Telecom (8.4% of revenue) and energy (4.1% of revenue) are likely to continue growing below company average but should have a lesser overall impact due to the smaller exposure. Europe (11% of revenue) had seen a temporary slowdown which should likely revive while UK (16% of revenue) ex-Diligenta should continue to grow. Visibility in Japan continues to remain low.

Growth likely to improve from here on, next year budgets do not indicate any specific cause for worry
TCS’ revenue growth in reported USD terms has declined from 15% in FY15 to 7% in FY16e. A part of it can be attributed to the base effect of the cross currency impact in Q4FY15 (-240bps), overhang of which should not be there in FY17e.
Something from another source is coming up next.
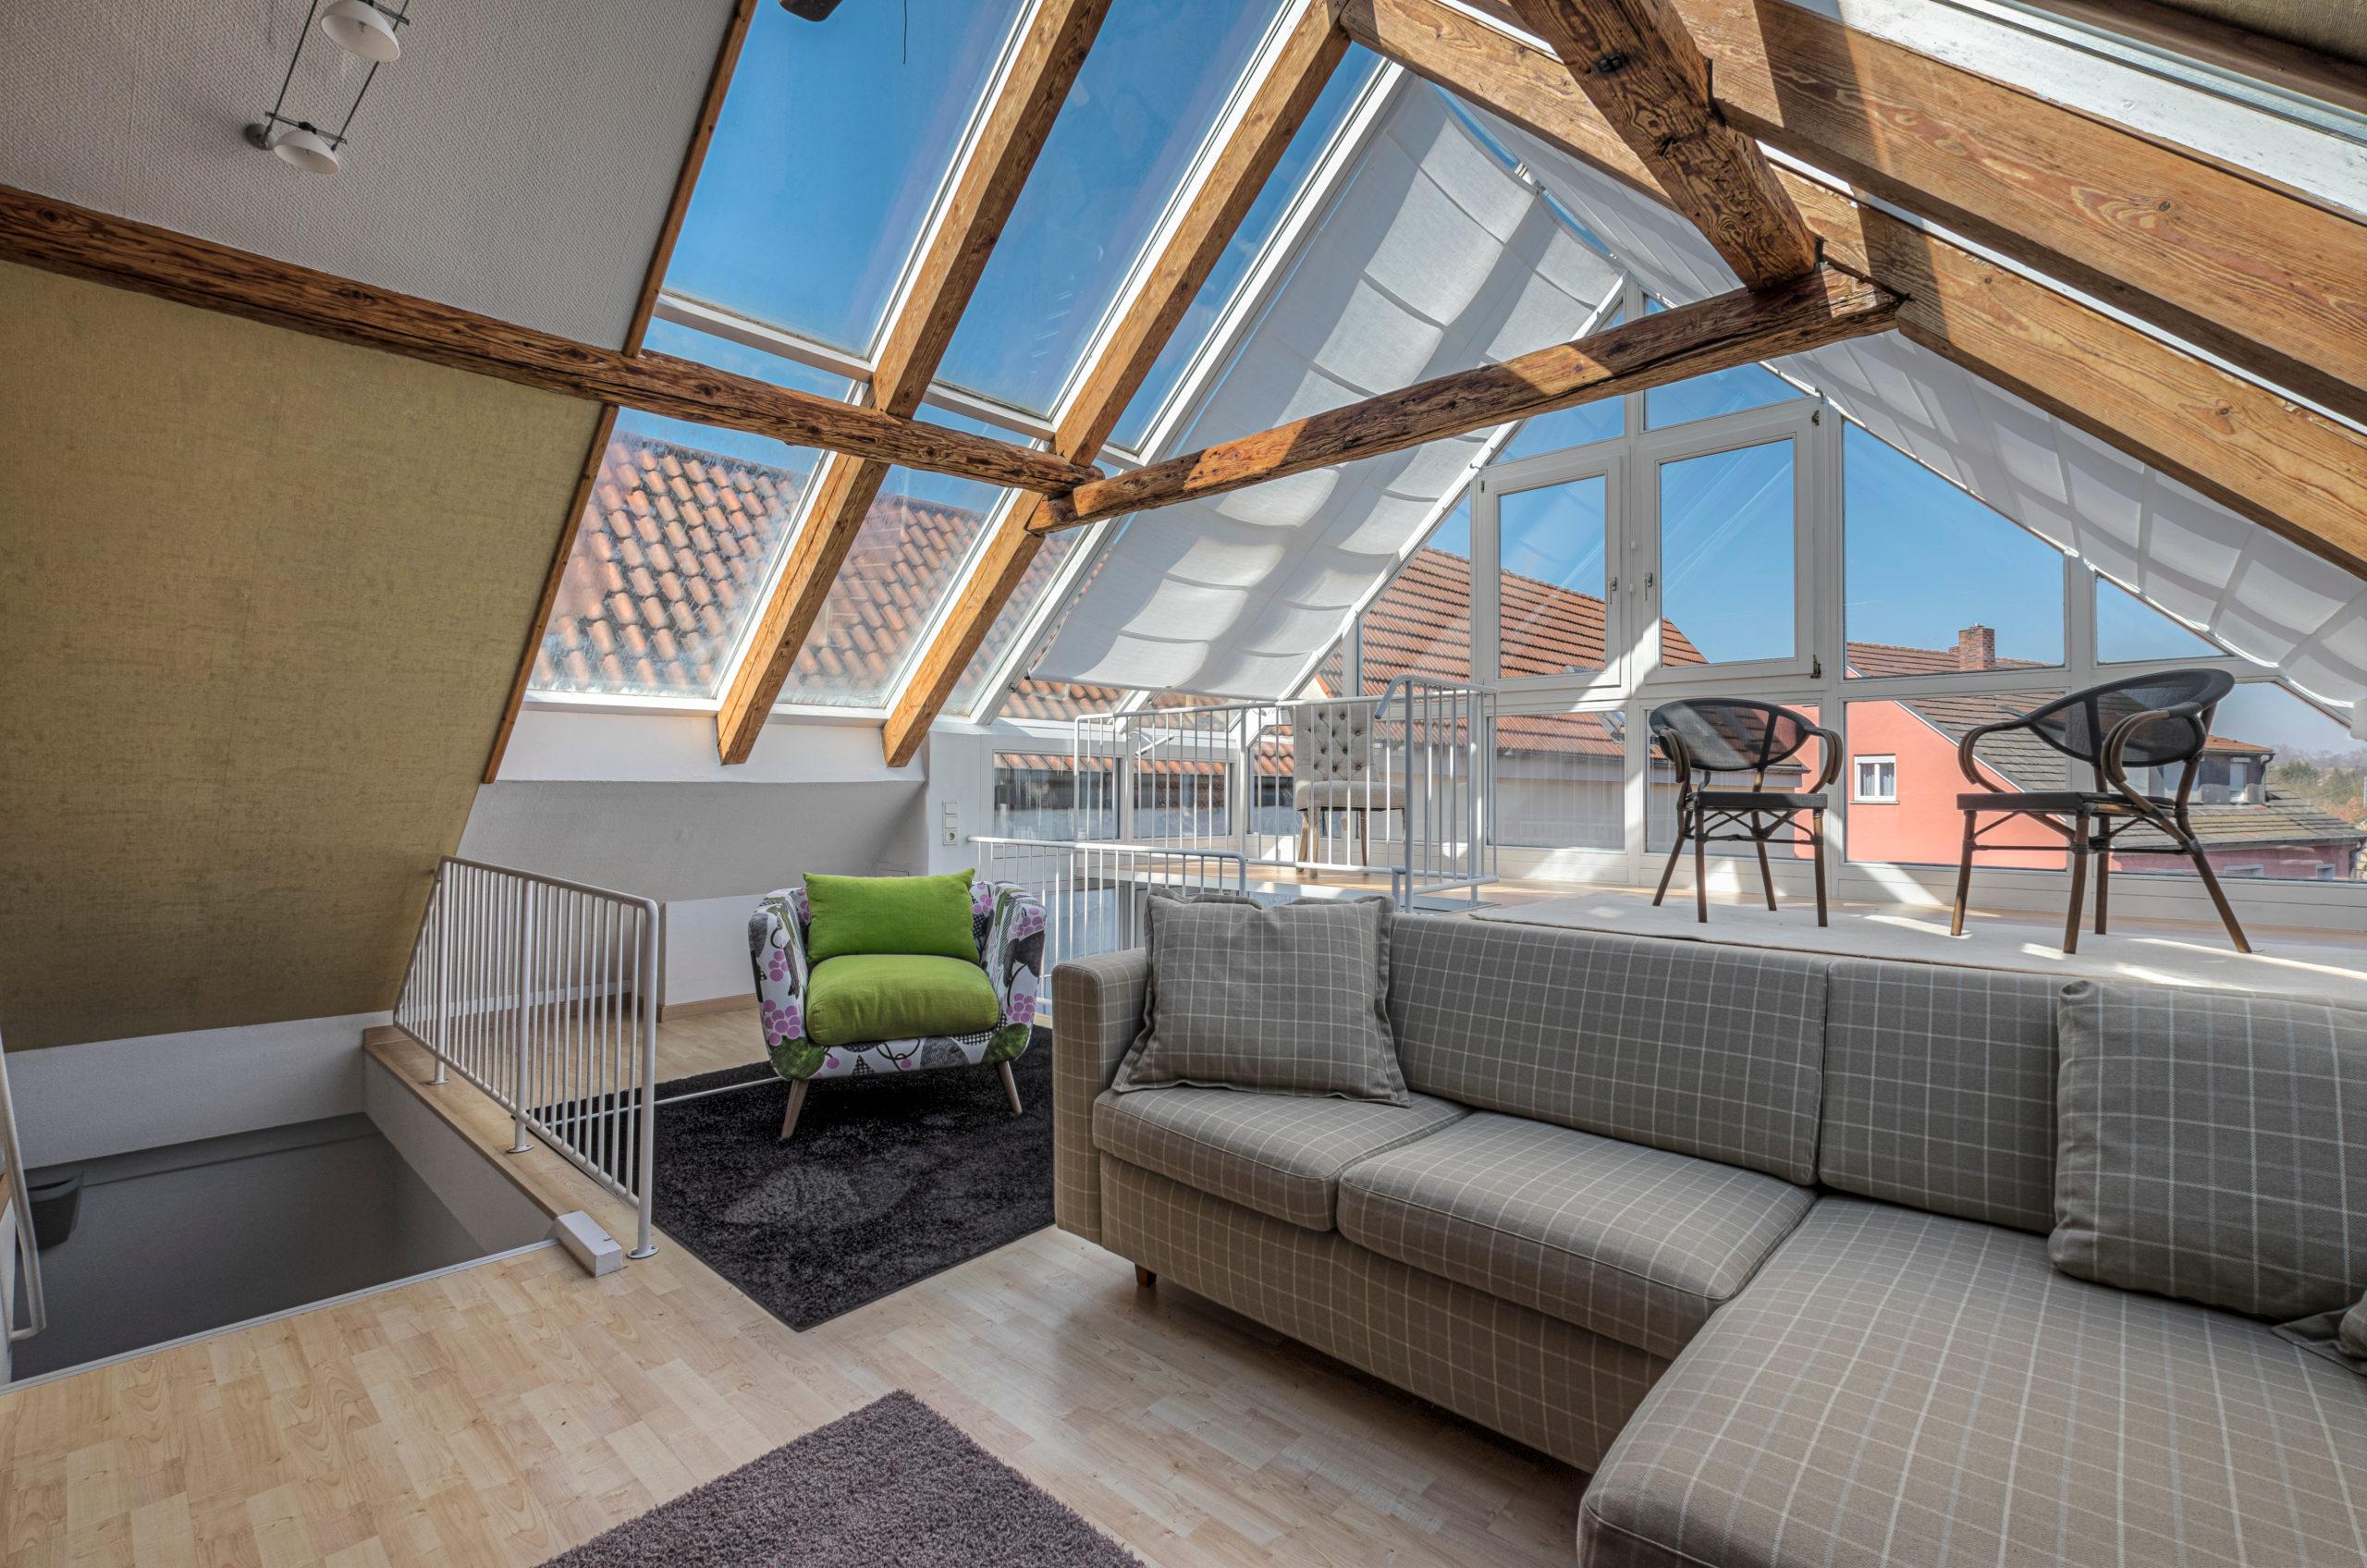 loft conversion cost

Company believes that some headwinds discussed earlier are now past and growth should improve from here on. This is also reflected in our 10%/12.4% y-o-y growth projections of USD revenues in FY17/18e. In the March 16 quarter, sequential growth could likely be similar to that in the previous years.
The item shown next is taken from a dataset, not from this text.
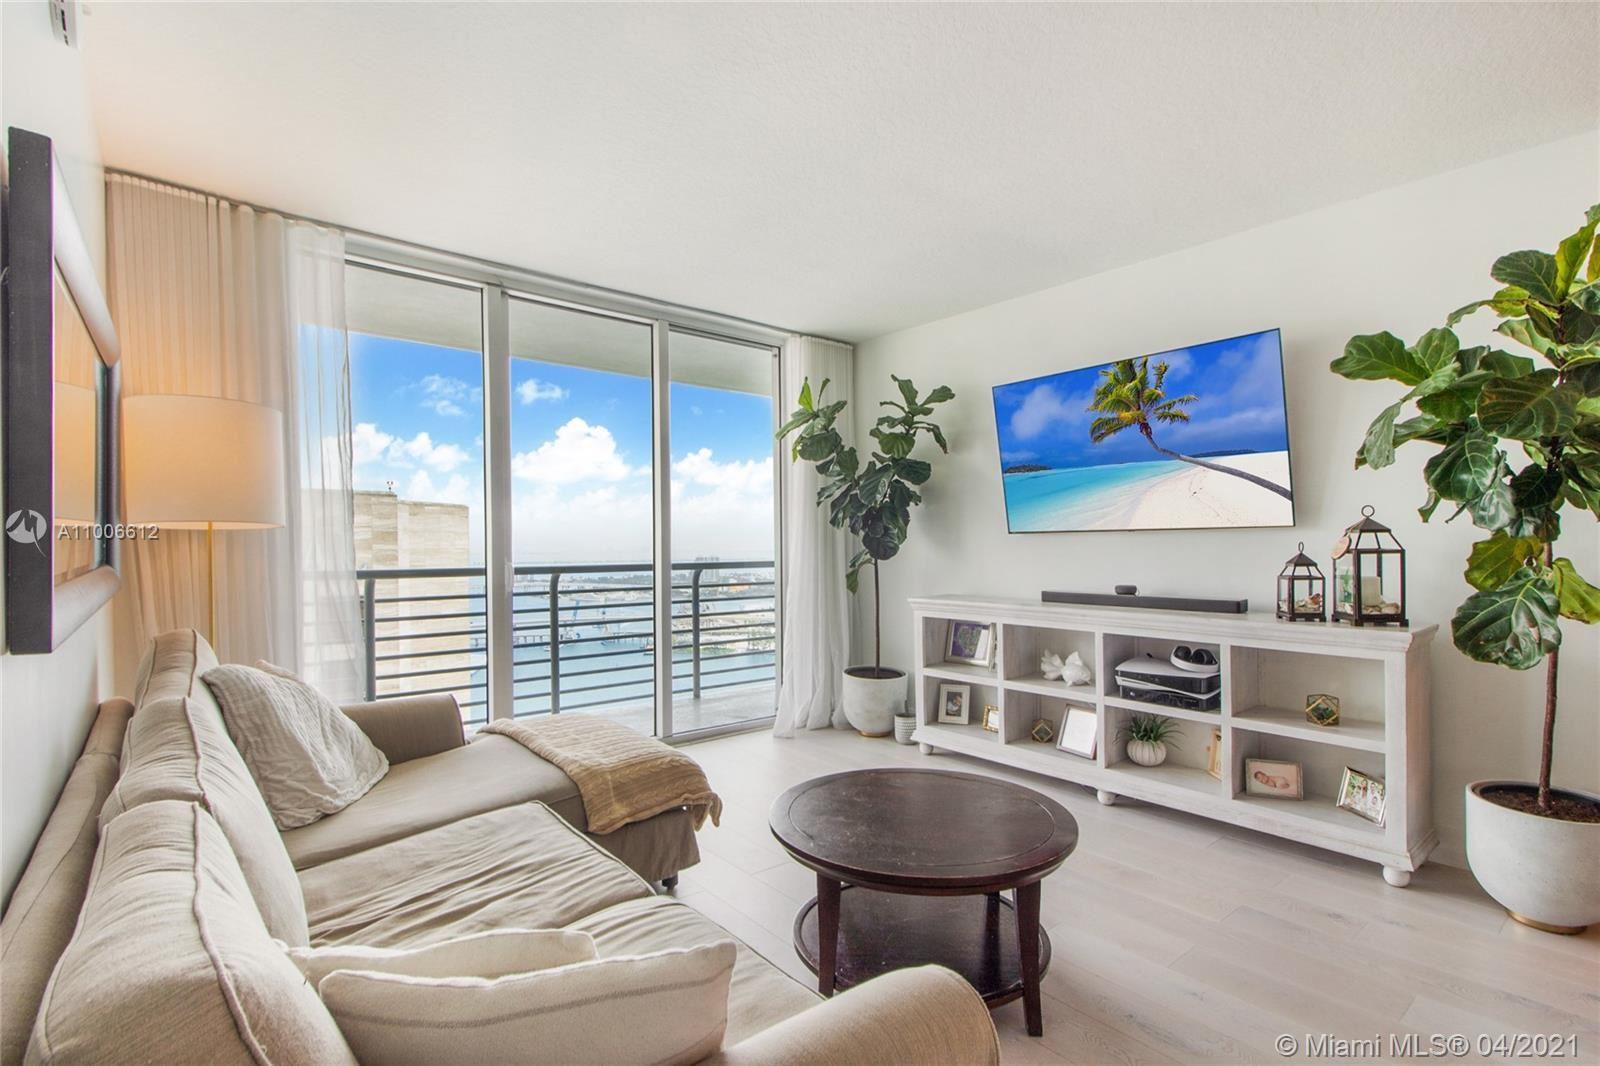 335 S Biscayne Blvd #3808, Miami, FL 33131 - #: A11006612

Tying in with CTSH commentary…..

Cognizant had indicated a push-out in discretionary projects within the banking and financial services vertical as one of the key reasons for its muted guidance for the first quarter. TCS has a 40% exposure to the vertical and with most of the budgeting exercise for the year largely complete, it does not see any specific risks within the vertical. In fact, growth for the vertical is likely to remain resilient as it has in recent past on back of (i) Discretionary spend on digital; (ii) Regulatory and risk management; (iii) Simplification of legacy systems.
….and NASSCOM guidance

Unlike Infosys, TCS is not benchmarking its own growth to NASSCOM guidance (10-12% y-o-y) for FY17e. We believe that in comparison to the same time last year, TCS growth projections are far more conservative now vs NASSCOM. We are projecting a 10% y-o-y growth in FY17e for TCS, at the low end of NASSCOM guidance.

Stable growth and lowest earnings volatility

TCS’ focus on driving growth is based on two strategies (i) Improving client metrics with an equal focus on hunting (new logo addition) and mining (increasing business from existing logos); (ii) Sustaining profitability in incremental revenue addition. Through FY15 and 9MFY16, TCS’ margins have been relatively resilient within large cap companies (on a higher base), with the best profit growth trajectory. This has also resulted in the lowest earnings volatility vs peers. In fact over the past year, TCS’ FY16e EPS downgrade has not been higher than sector peers.
Expectations benign, maintain Buy.

TCS is trading at 17.5x 12M forward consensus P/E, well below the 5-year average. Given the valuations and growth projections, expectations are benign especially going into the seasonally strong first half. Risk reward remain favourable, maintain Buy.